• **Required action**
In the listing that follows, the lines starting at the one containing "main images ست" and ending at the one containing "Springfield Armory M1 Carbine BB gun testing" are to be returned exactly, both boundary lines included, and no others.

• **The data**

___

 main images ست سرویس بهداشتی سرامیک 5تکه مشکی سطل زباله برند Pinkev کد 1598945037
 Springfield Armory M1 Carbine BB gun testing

___

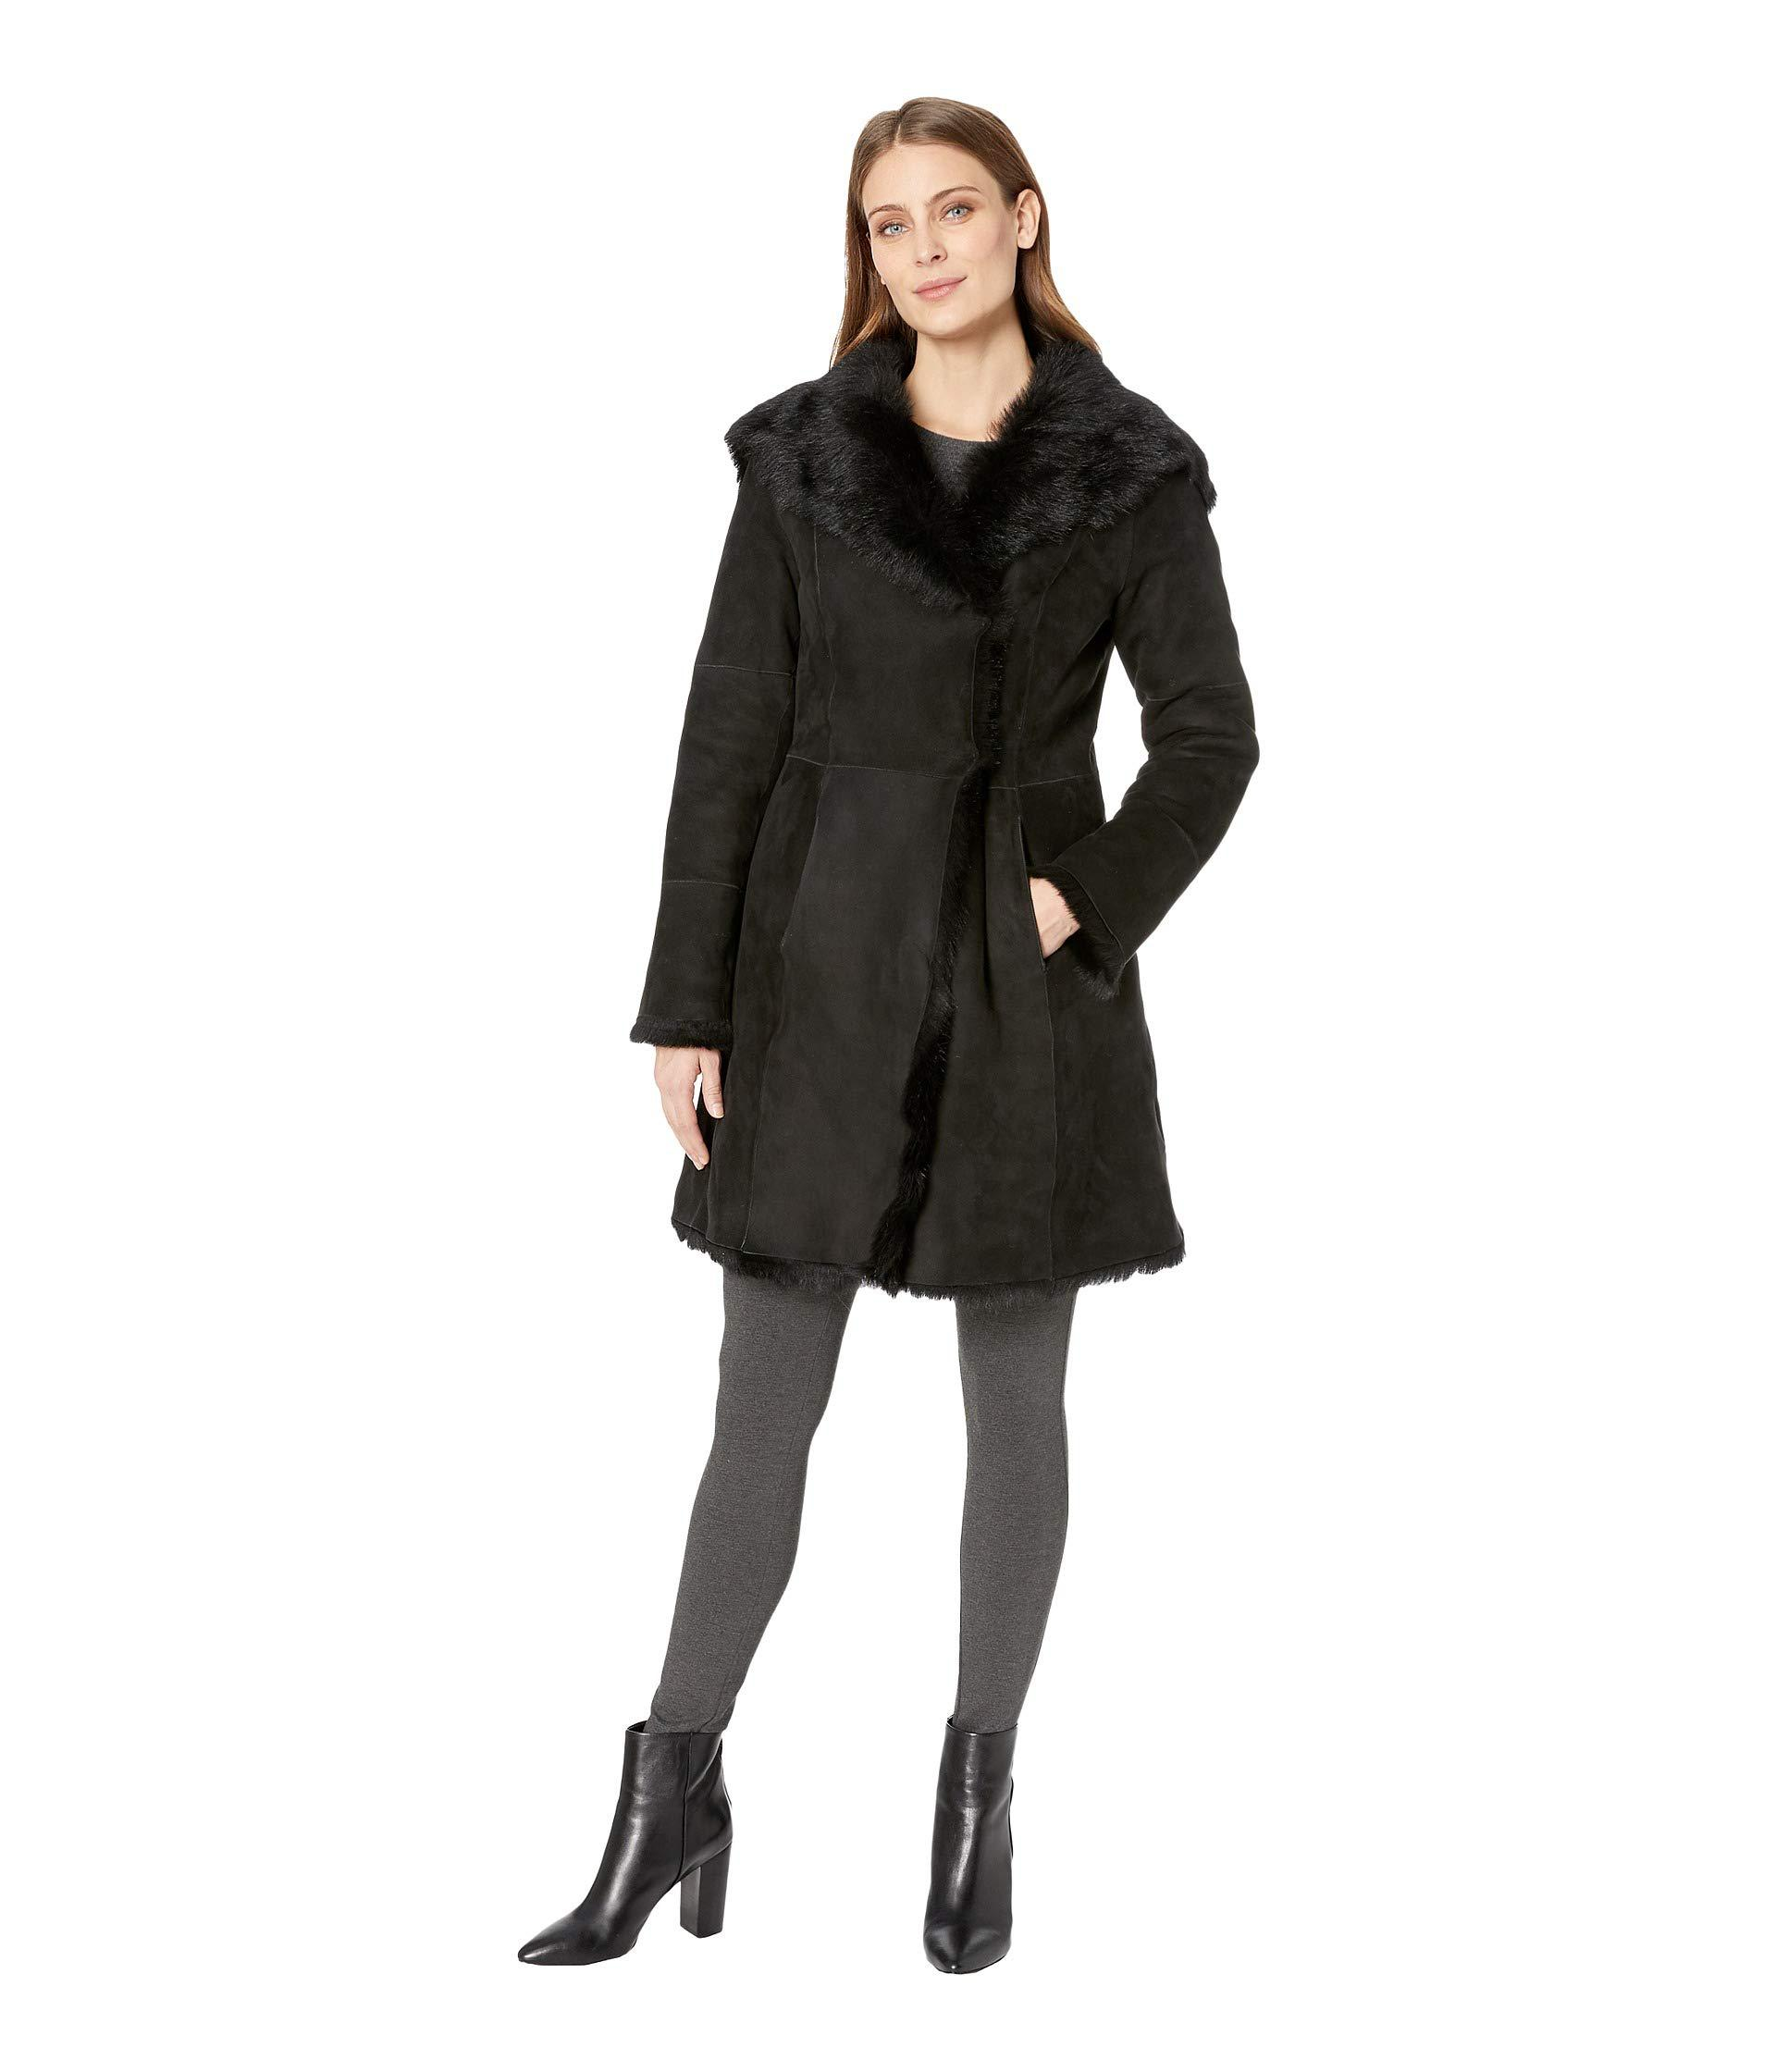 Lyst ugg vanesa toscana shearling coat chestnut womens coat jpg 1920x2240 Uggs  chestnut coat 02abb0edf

___

• **Written response**
 main images ست سرویس بهداشتی سرامیک 5تکه مشکی سطل زباله برند Pinkev کد 1598945037
 Springfield Armory M1 Carbine BB gun testing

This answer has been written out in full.